Retype, exactly and with both ends included, the lines below from the one containing "Senior African businessman" through the end; omit the pictures.
##### COLLECTED DATA
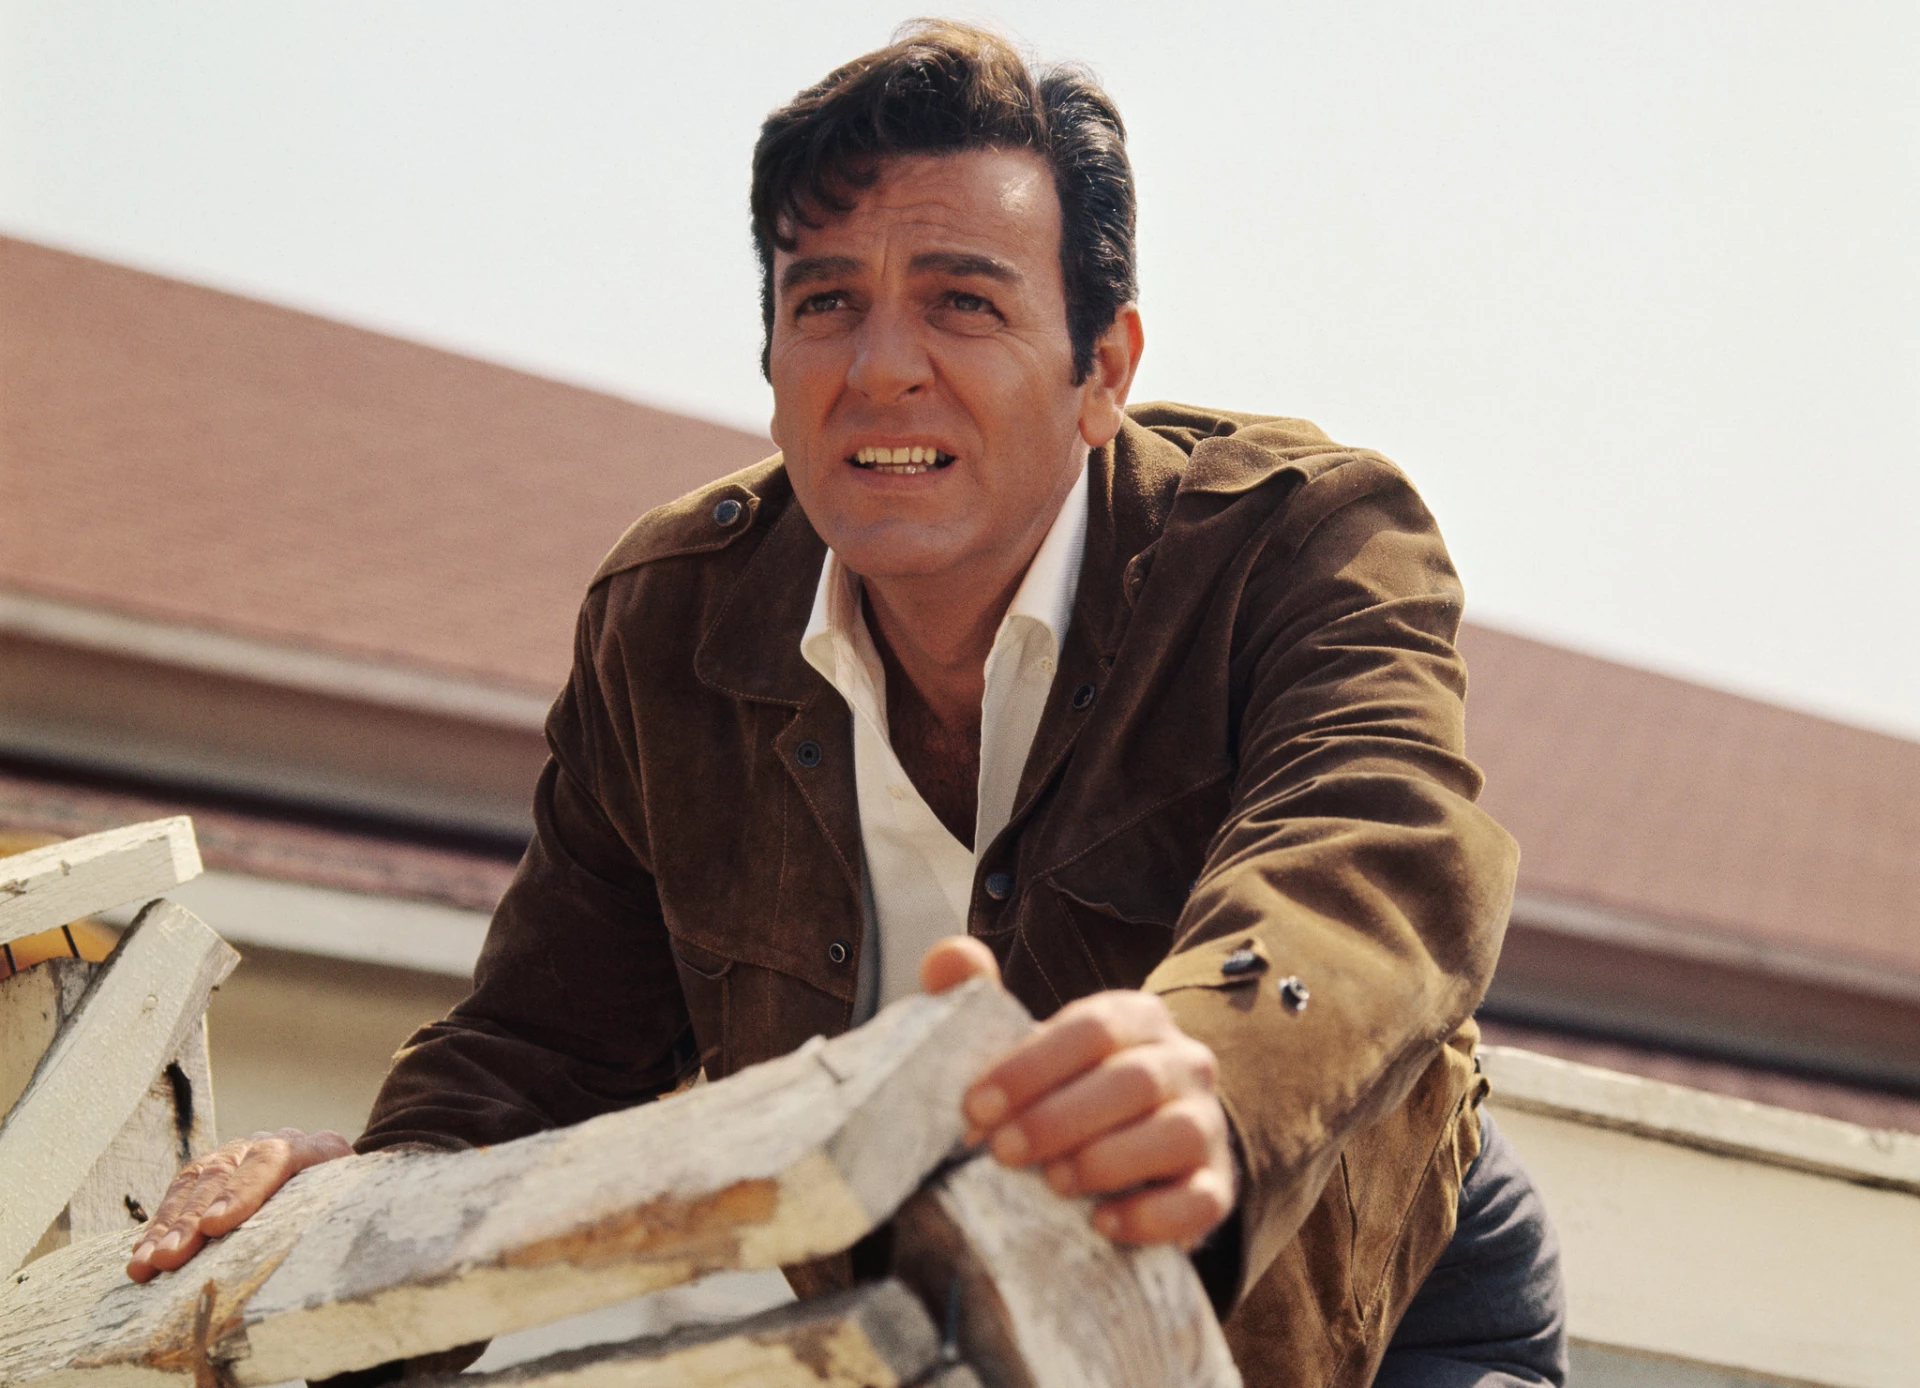 Joe Mannix, TV detective on the series, "Mannix," was famous for getting into fist fights in just about every episode of the show.
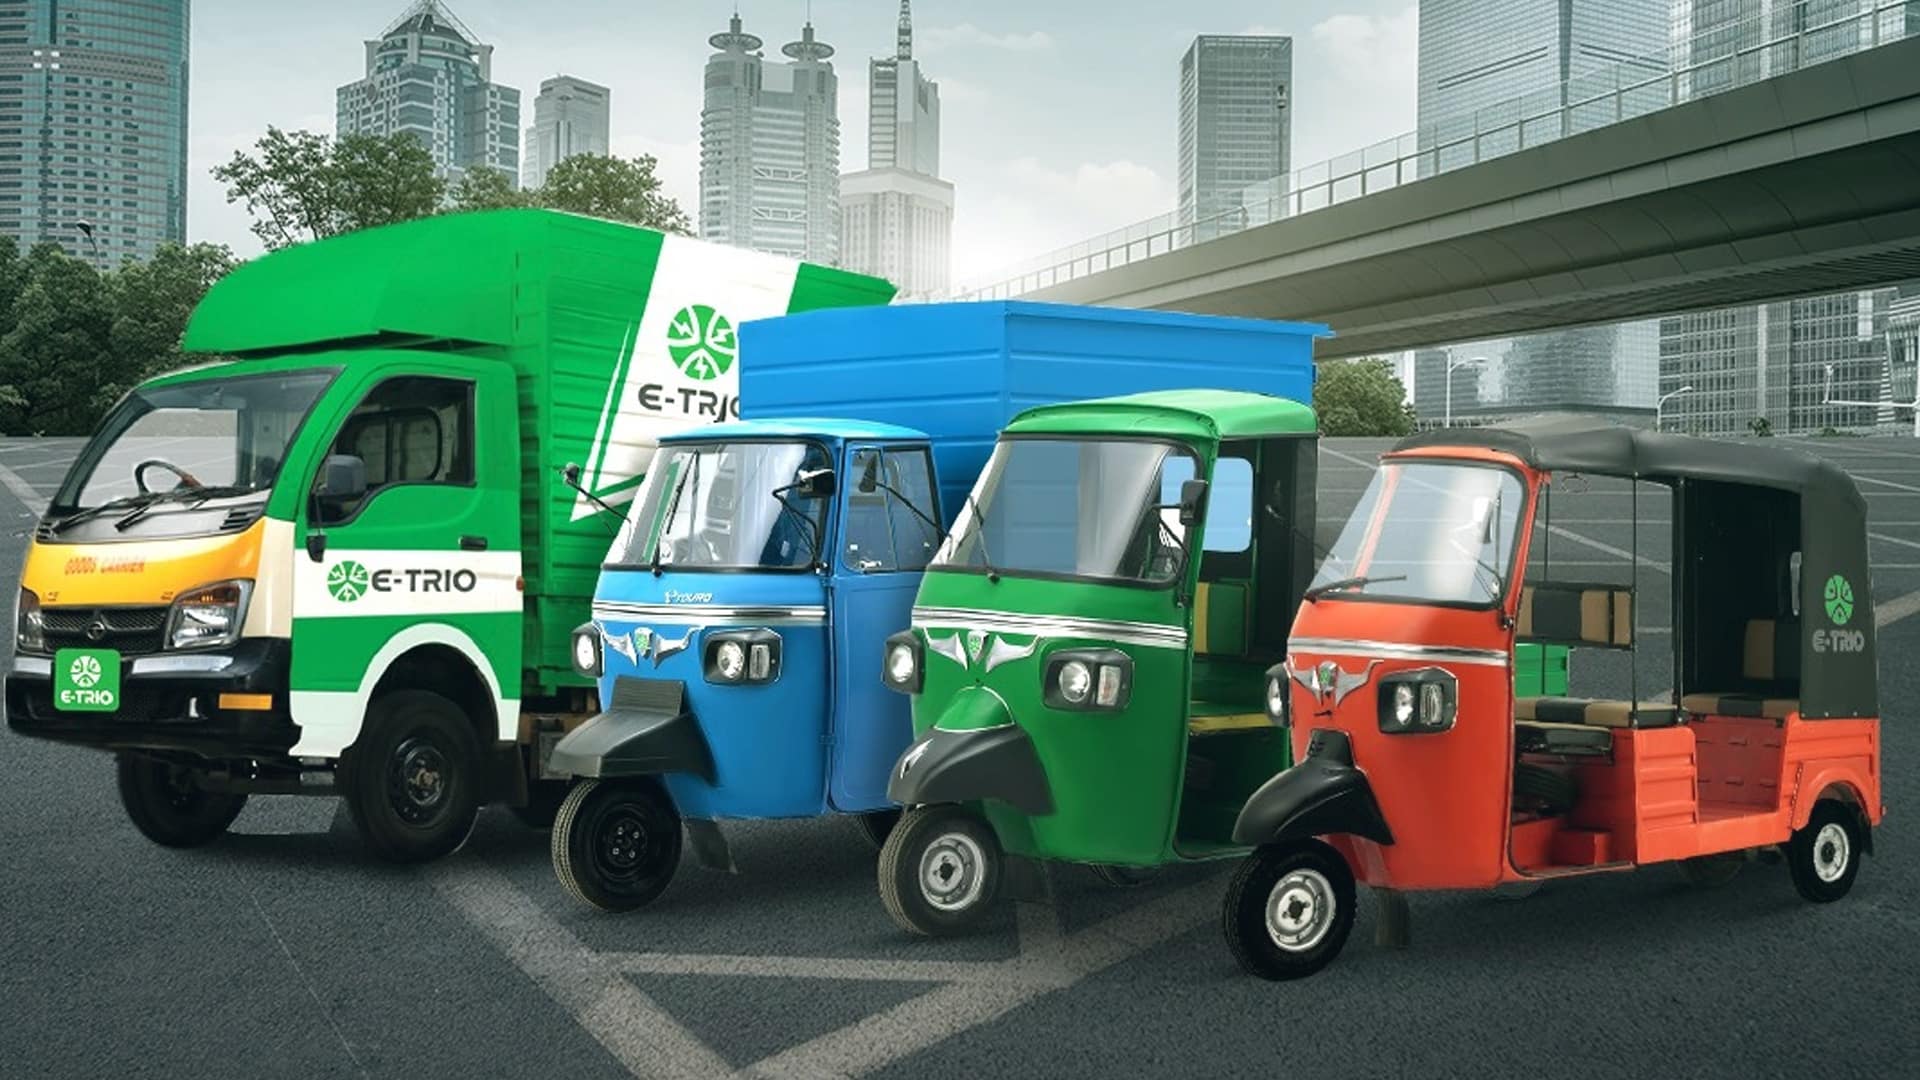 Etrio Automobiles ties up with Turno to deploy 1,000 e-3-wheelers pan-India in next 12 months
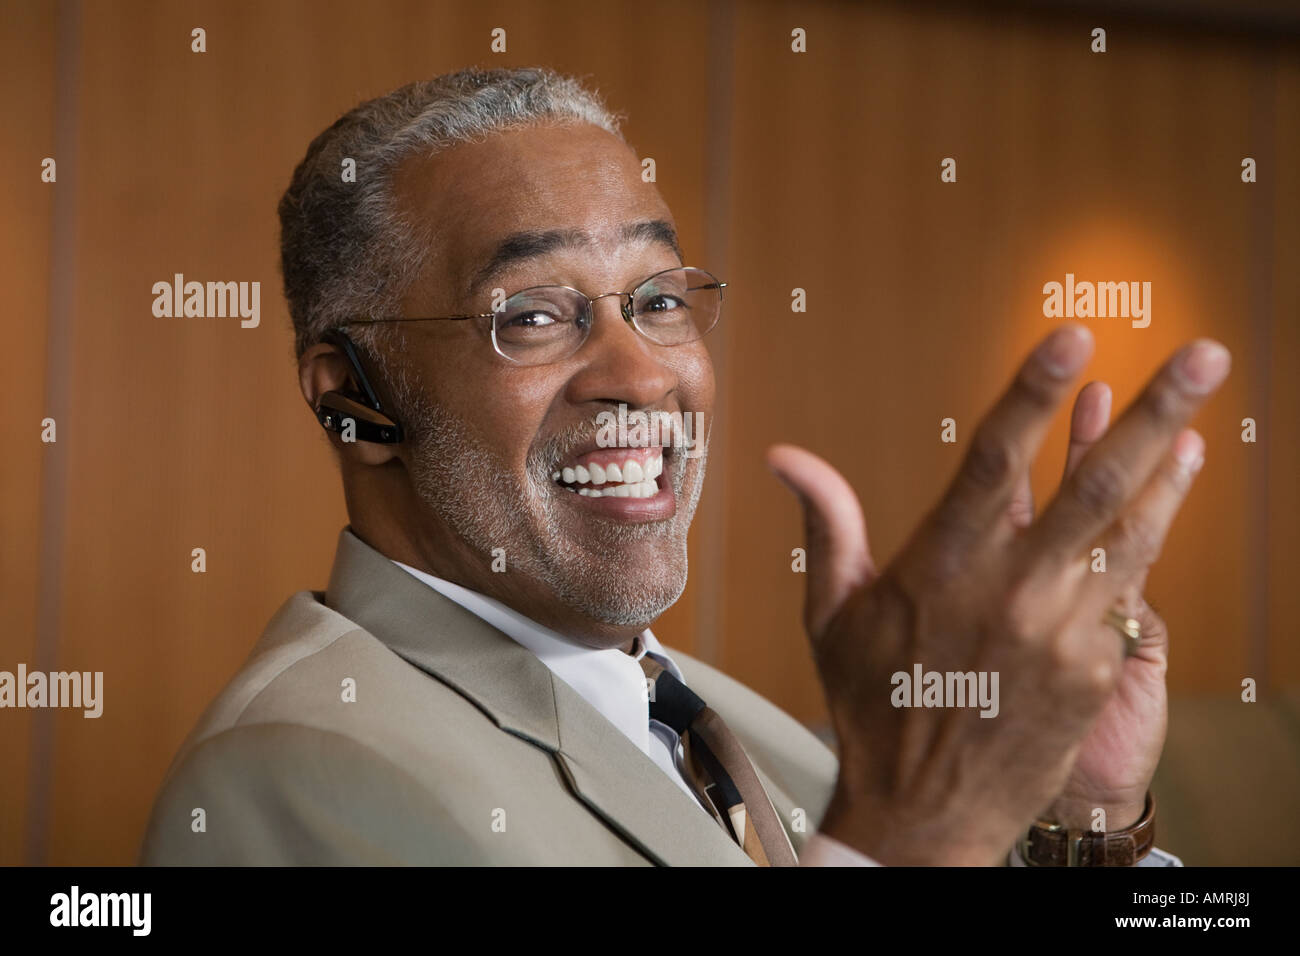 Senior African businessman wearing hands-free device Stock Photo
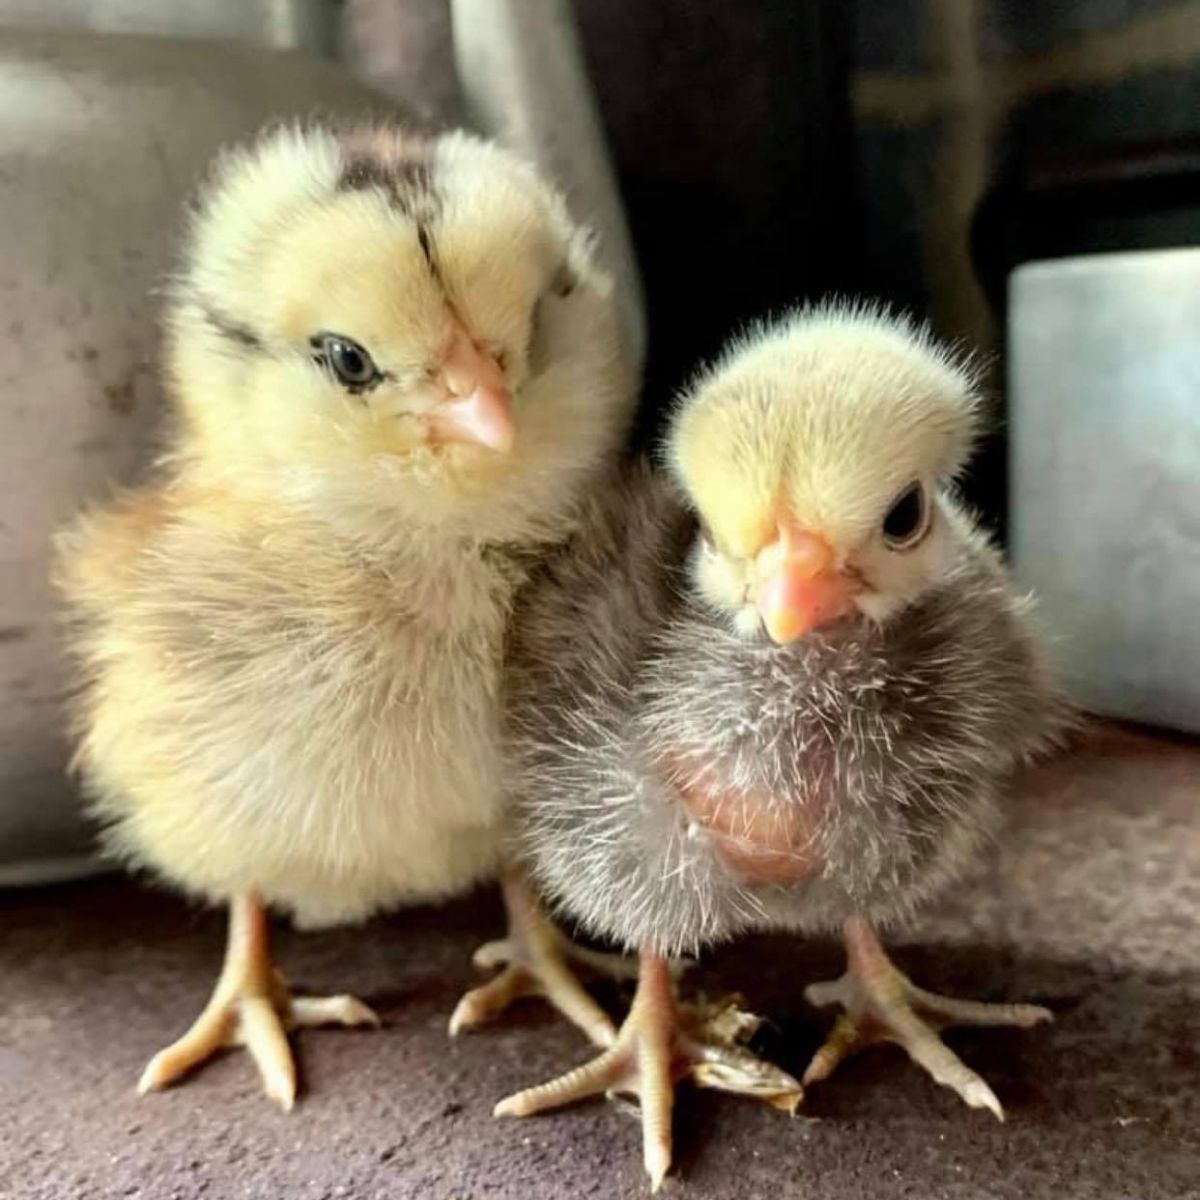 A pair of baby chicks.
##########
ANSWER FOR THE TASK:
 Senior African businessman wearing hands-free device Stock Photo
 A pair of baby chicks.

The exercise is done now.